Multiple efforts have been made to develop image-based automated methods for classifying blasts, some of them proposing the use of machine learning techniques.4–16 Most of these previous papers focused on the automatic recognition of myeloblasts vs. lymphoblasts,9 16 lymphoblasts vs. lymphocytes,5 10 11 and lymphoblasts or myeloblasts vs. leukocytes.7 12 13 15 Nevertheless, automatic distinction between blasts and reactive lymphocytes could be also difficult since both share some morphological similarities, as it has been highlighted in some external quality control surveys.17 18 This is why a previous paper by the authors19 included for the first time reactive lymphocytes for their automatic recognition alongside myeloblasts and lymphoblasts.
The objective of this paper is to develop a machine learning system to predict the diagnosis of acute leukaemia using PB images. The system input is a set of cell images of an individual smear, and the output is the prediction of one of the following diagnoses: myeloid leukaemia, promyelocytic leukaemia, lymphoid leukaemia or infection. It will be achieved through the automatic recognition of different blasts (myeloid and lymphoid origin) and pathological promyelocytes, reactive lymphocytes and other normal mononuclear cells, such as lymphocytes and monocytes.
Such a high number of groups has not been jointly addressed before. This adds more complexity to the challenging automatic classification of blasts because of the overlapping morphological characteristics they exhibit.20–22 A particular major challenge is the detection of pathological promyelocytes, whose patients could present serious haemorrhagic accidents and die if no treatment is initiated promptly.23 24
Materials and methods
This study was performed following two stages: (1) classifier development, and (2) diagnostic system design and assessment.
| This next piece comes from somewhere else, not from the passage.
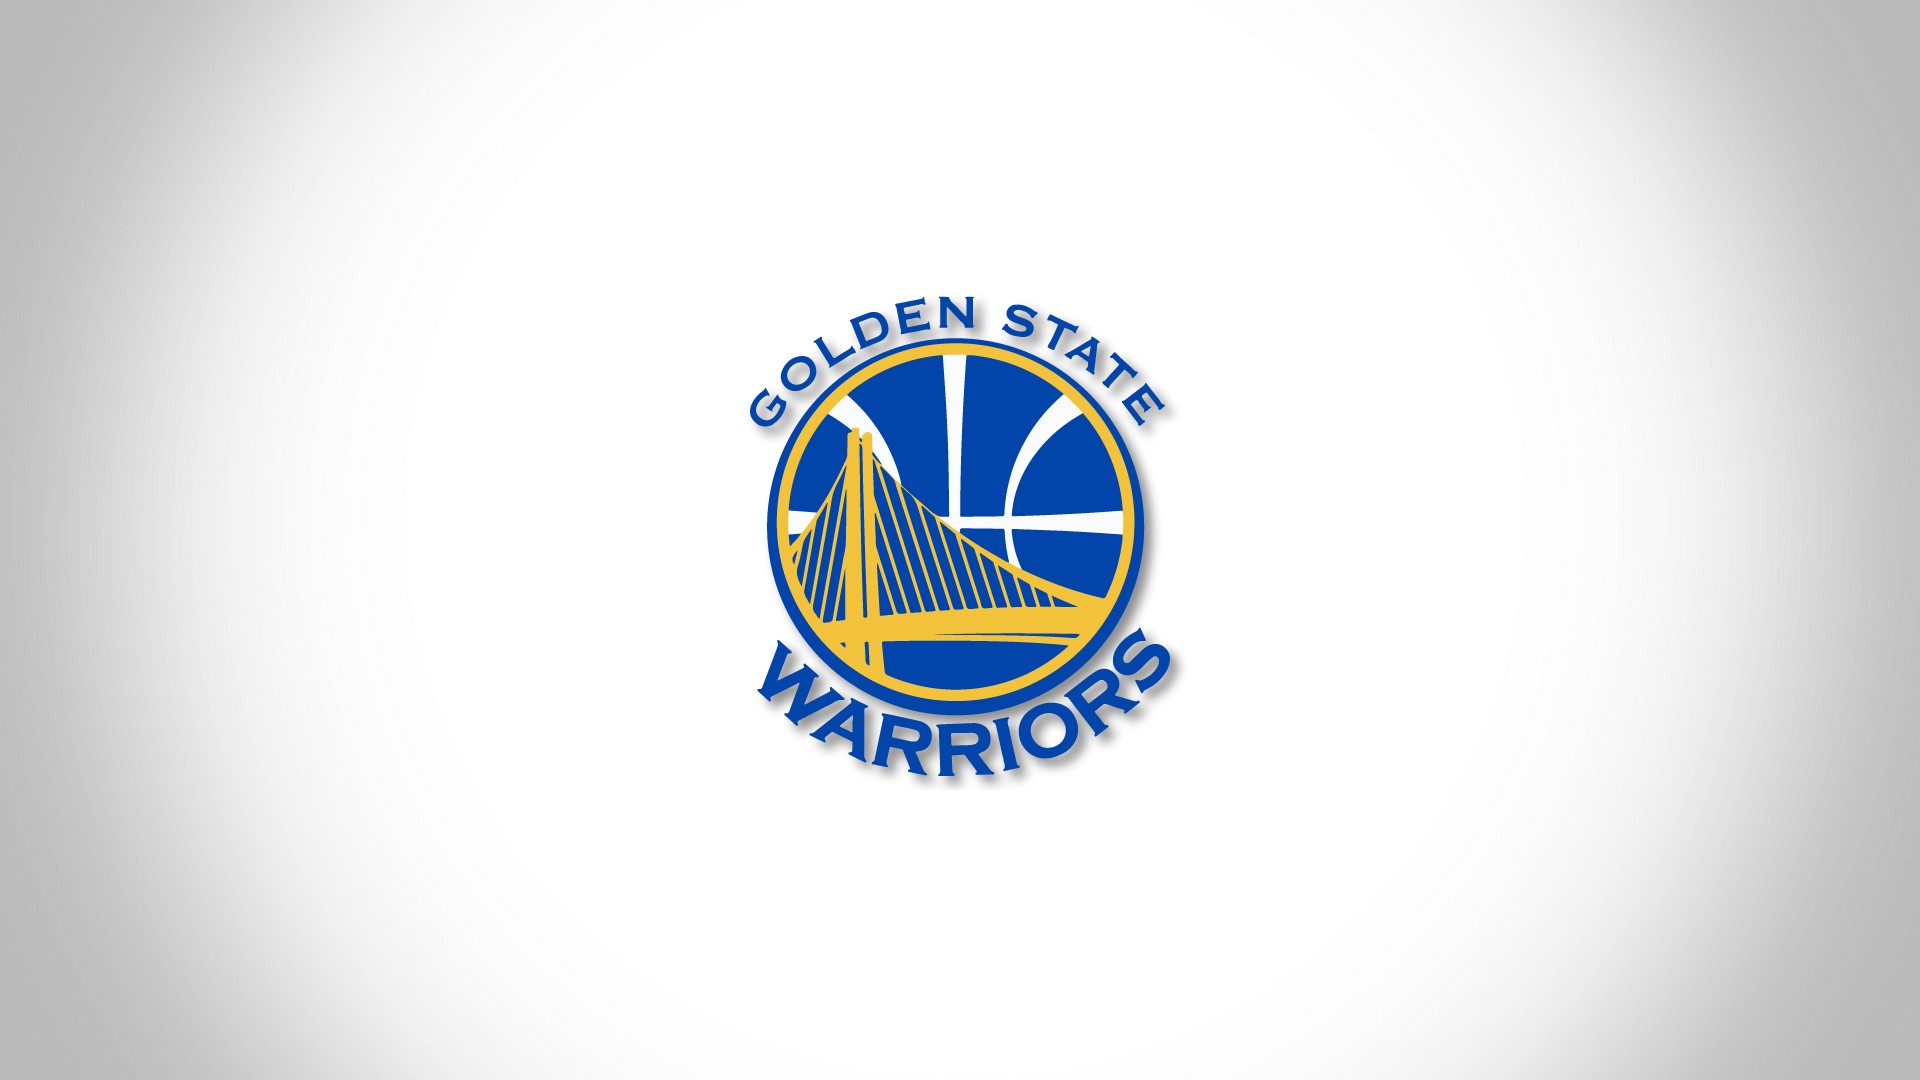 Computer Wallpapers Golden State Warriors with image resolution 1920x1080 pixel. You can use this wallpaper as background for your desktop Computer Screensavers, Android or iPhone smartphones
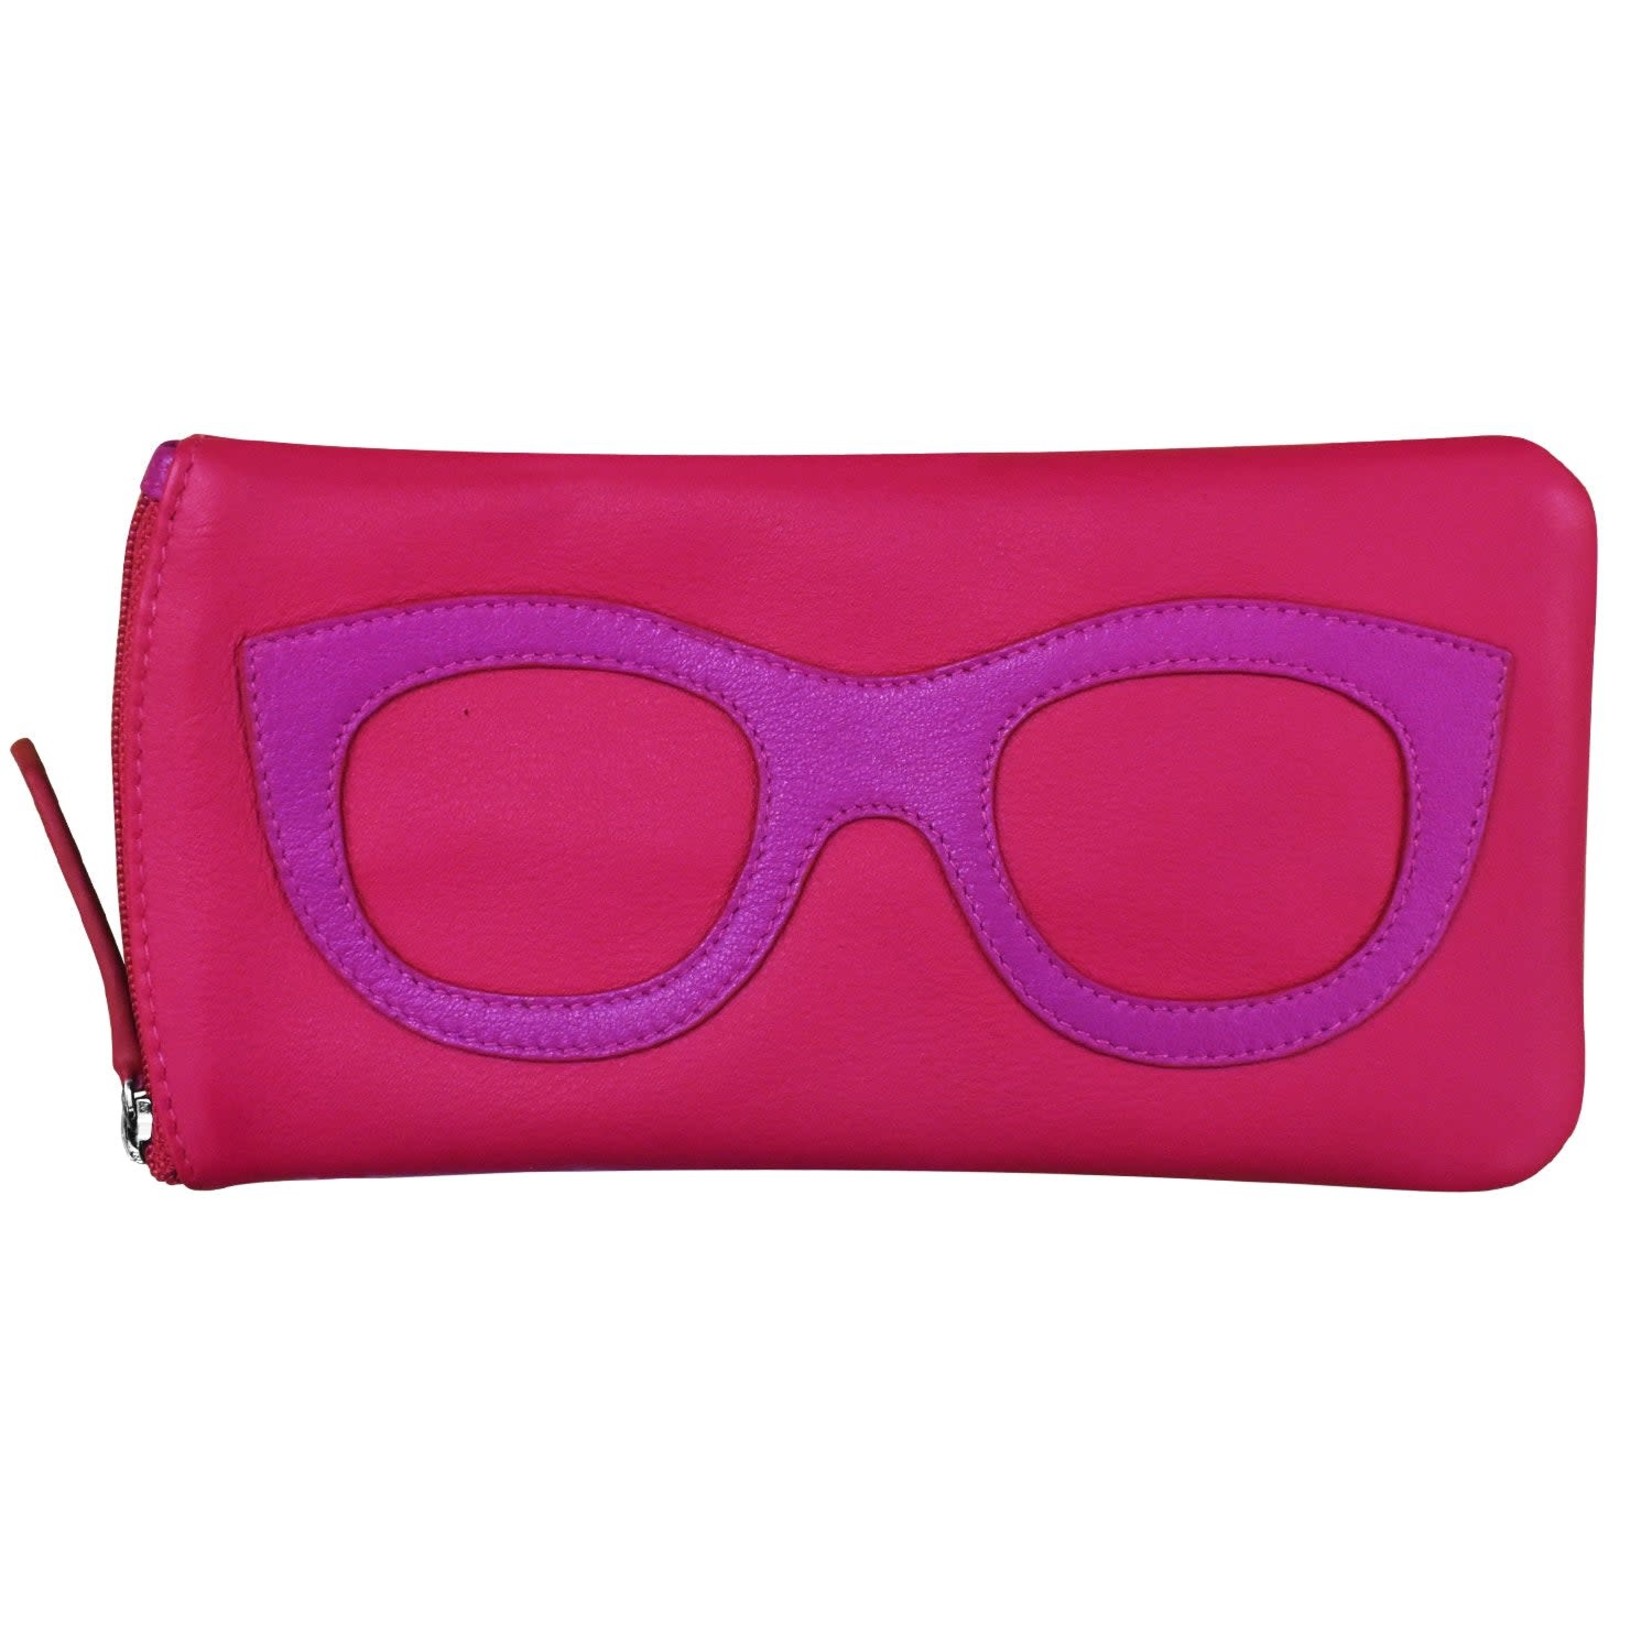 Leather Handbags and Accessories 6462 Indian Pink/Orchid - Leather Eyeglass Case

Blood samples, collected in EDTA, were automatically prepared using the slide maker–stainer SP1000i (Sysmex, Kobe, Japan) and stained with May Grünwald-Giemsa. Digital images of PB cells were acquired by the CellaVision®DM96 (CellaVision, Lund, Sweden) (363×360 pixels) from the routine workload of the Core Laboratory of the Hospital Clinic of Barcelona. PB cell images were identified by pathologists (AMe and AMo) according to their morphological characteristics. Patients’ diagnoses were confirmed by the integration of all supplementary test results: flow cytometry, cytogenetics and molecular biology. Patients with AL were diagnosed by the Clinic Haematology Service of the Hospital following the WHO 2016 classification.25 Table 1 shows the number of images and patients with AL and infections included in training and testing sets.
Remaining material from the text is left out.